The legal advisors of the applicant were undoubtedly confronted with a dilemma in this case; had they confined themselves in the Court of Criminal Appeal to arguing the ground which is now the subject of the certified point and failed to persuade this court that the Court of Criminal Appeal were wrong in the conclusion they reached, they would have been deprived of the retrial to which the Court of Criminal Appeal held them entitled on one of the other grounds actually argued. It is understandable that they should have sought in this court to argue the certified point while maintaining at the same time the applicant's right to a retrial, whether or not they succeeded in the appeal to this court. One can indeed have some sympathy with the position of an applicant who faces a retrial in the knowledge that the Court of Criminal Appeal have taken the view that the law is sufficiently uncertain to require an authoritative decision by this court without the uncertainty being resolved at that level. Those considerations, however, cannot justify the court in attributing to the legislature an intention to confer a right of appeal by section 29 which is plainly outside the ambit of the section as enacted.

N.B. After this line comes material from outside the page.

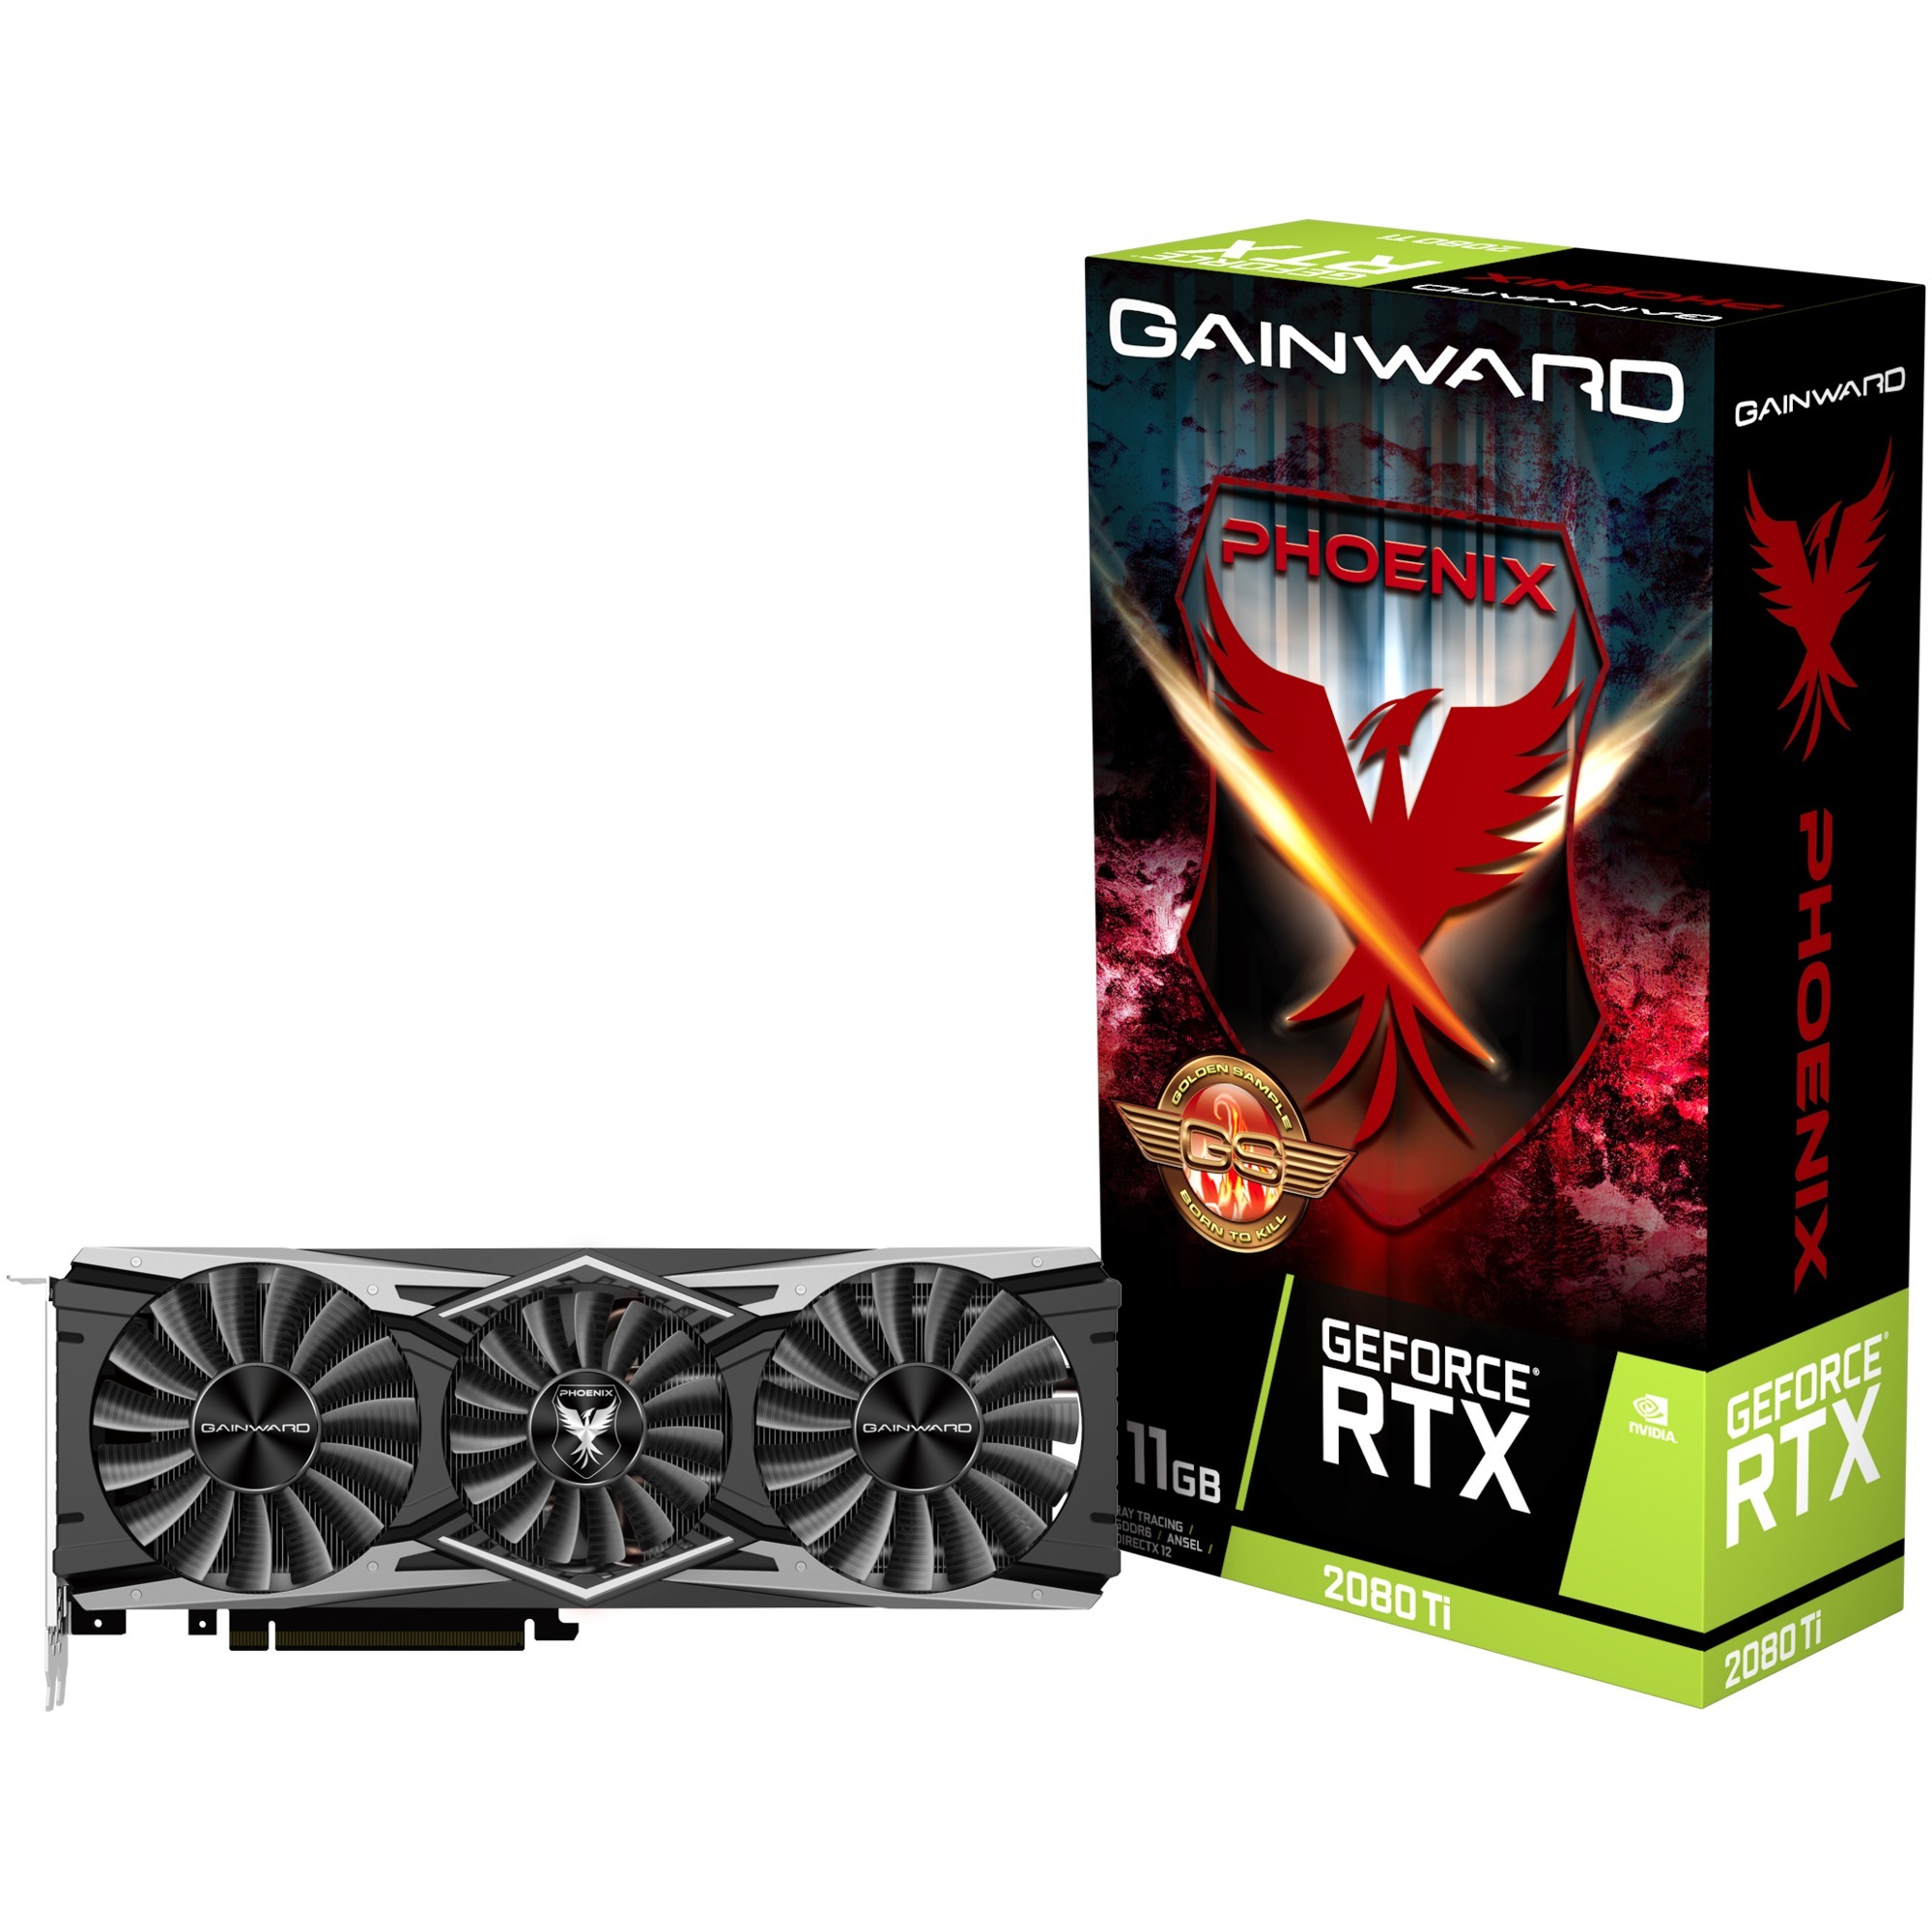 GeForce RTX 2080 Ti Phoenix "GS" 11 GB GDDR6, Karta graficzna
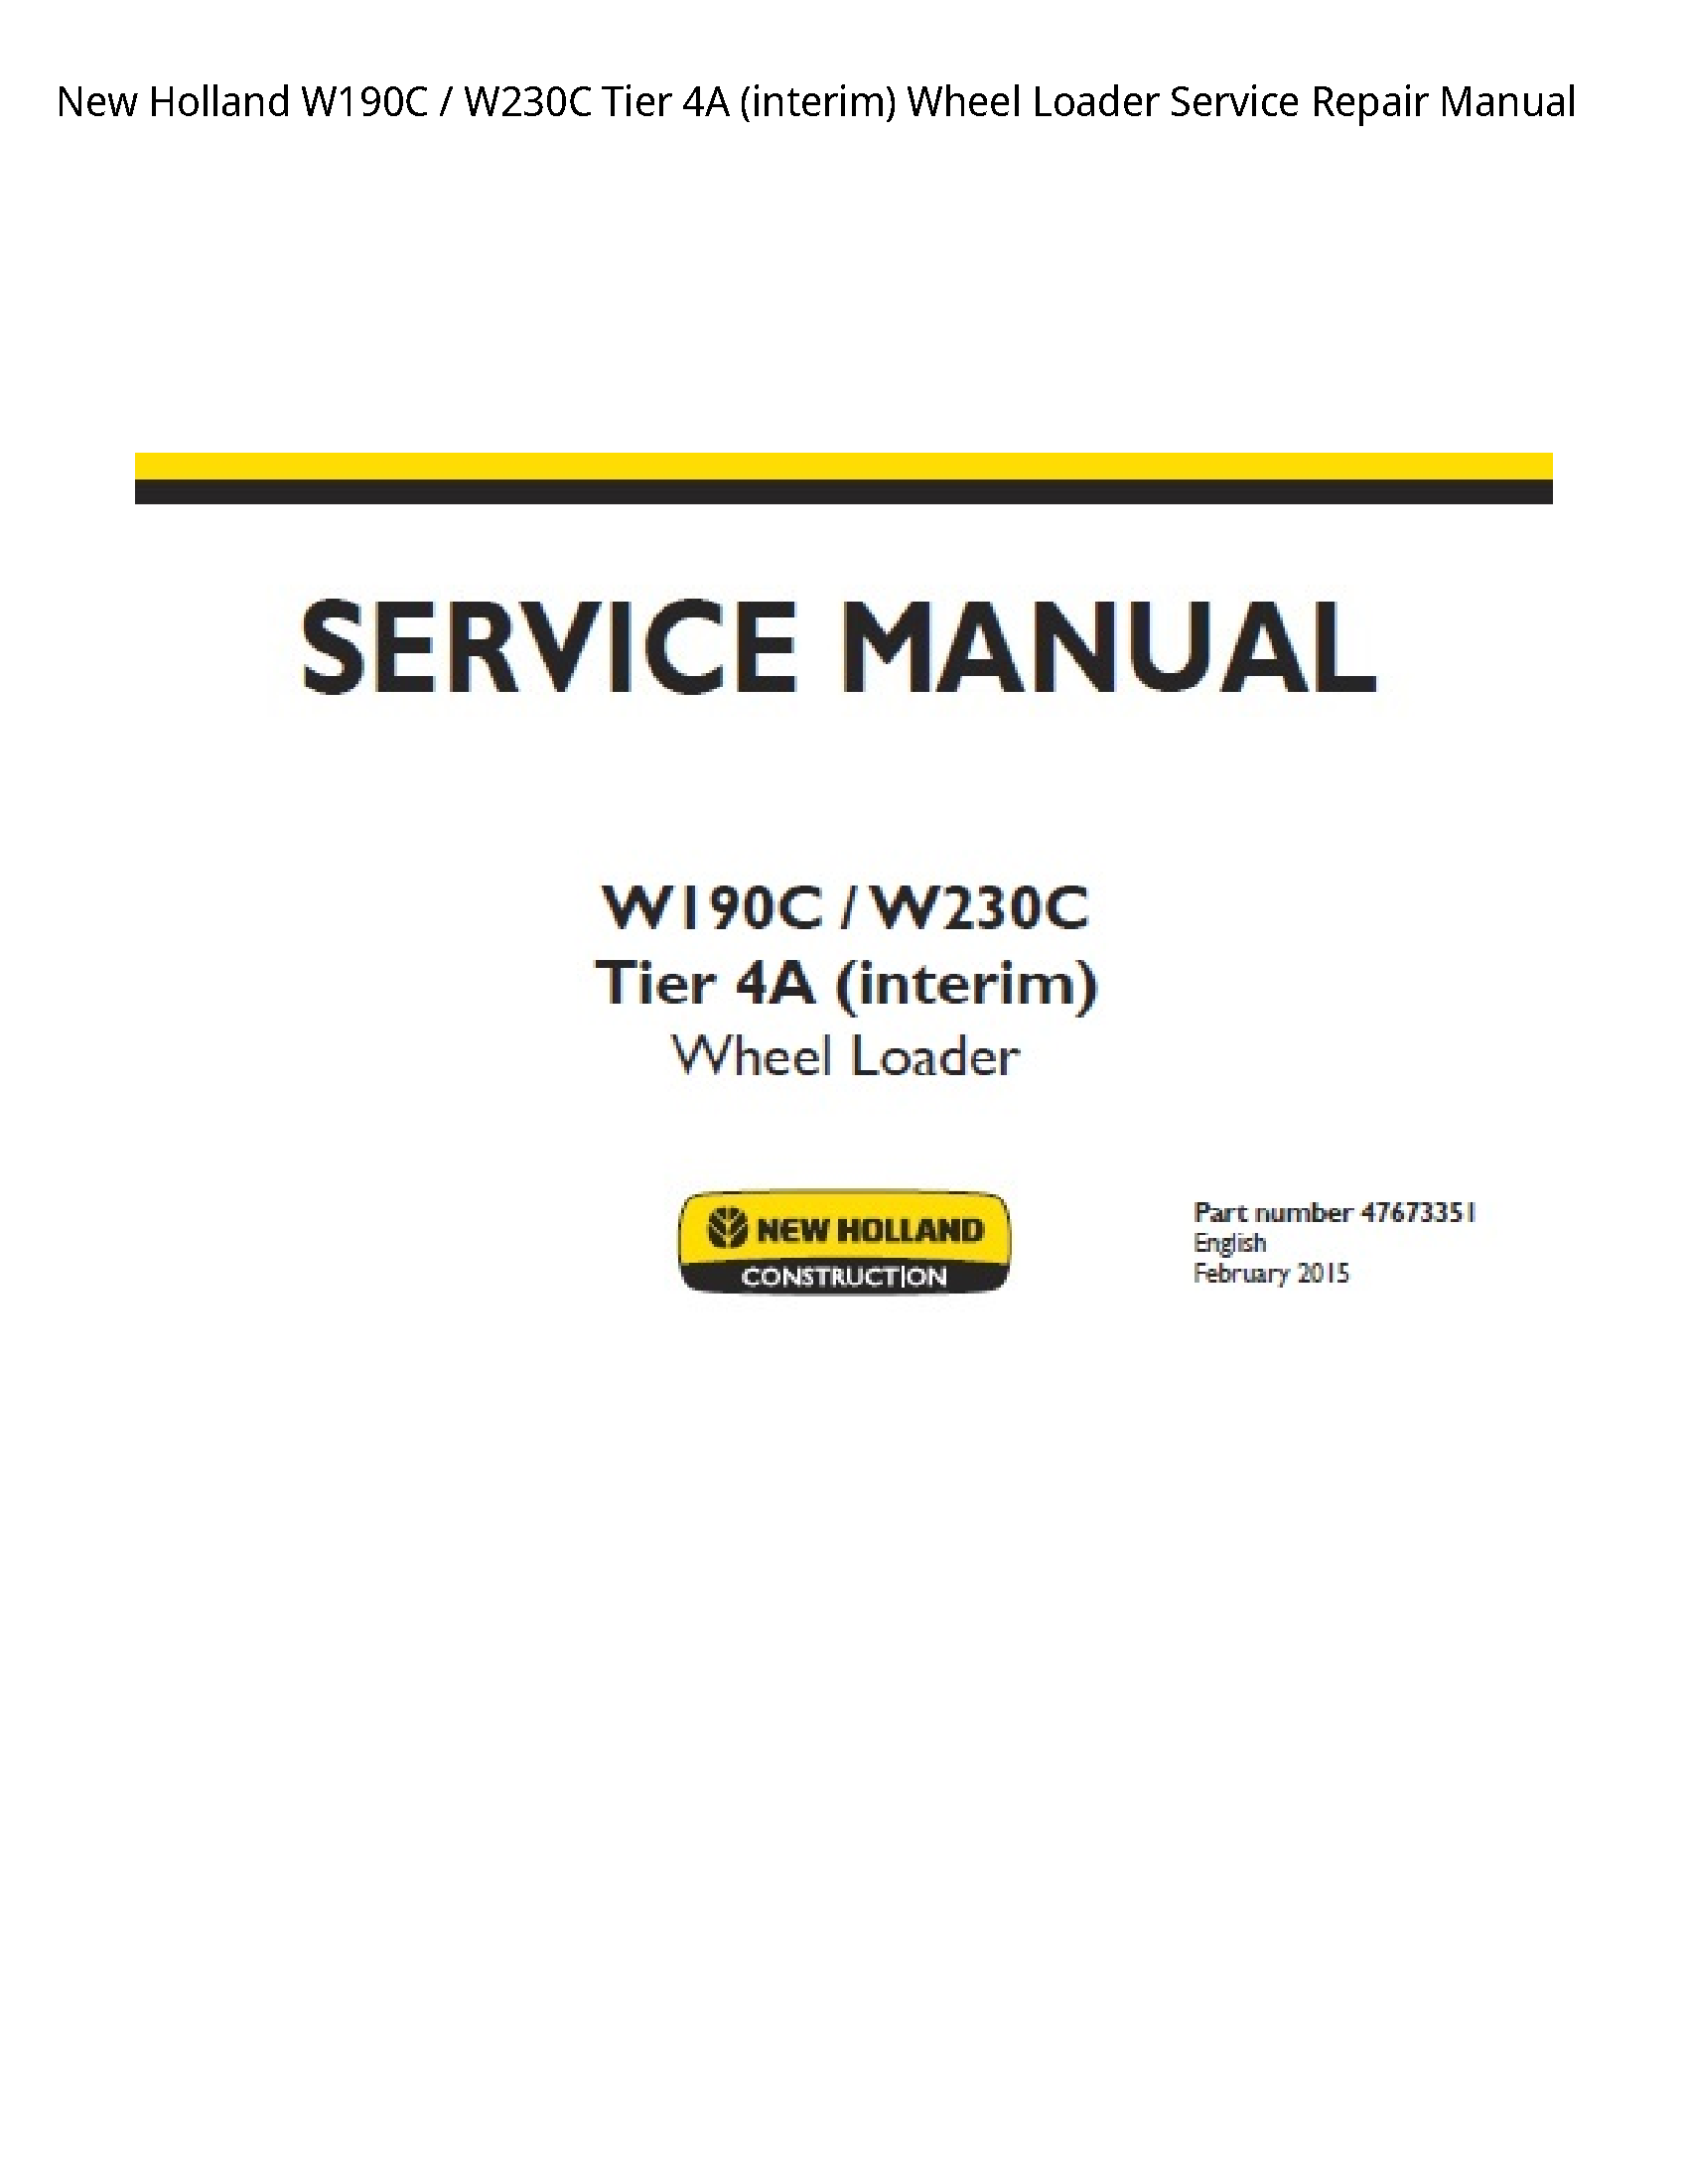 New Holland W190C Tier (interim) Wheel Loader manual

I am satisfied that s. 29 of the Courts of Justice Act, 1924 conferred no such right of appeal on an applicant where his conviction had been quashed and a retrial ordered by the Court of Criminal Appeal. I would resolve the preliminary issue as to jurisdiction accordingly.
THE SUPREME COURT
[S.C. No. 93 of 2004]
Keane, C.J.
Denham, J.
Murray, J.
Hardiman, J.
Fennelly, J.
BETWEEN
THE PEOPLE (AT THE SUIT OF THE DIRECTOR OF PUBLIC PROSECUTIONS)
Respondent
and
LIAM CAMPBELL
Applicant/Appellant
JUDGMENT delivered on the 23rd day of April, 2004 by FENNELLY J.
I entirely agree with the Chief Justice that section 29 of the Courts of Justice Act, 1924 confers no jurisdiction on this Court to entertain an appeal from a judgment from a determination of the Court of Criminal Appeal which allows an appeal.
This result is unfortunate and undesirable. Mr Michael O'Higgins rightly emphasised the burden that it places on the Applicant. The judgment of the Court of Criminal Appeal decided the certified point against the Applicant. The Special Criminal Court at the retrial is likely to feel bound by that decision. In the event of a conviction, there will have to be a further appeal to the Court of Criminal Appeal. It may then be possible to have the matter, clearly a matter of exceptional public importance, certified anew to this Court.
These and other limitations of the section could readily be remedied by amending legislation.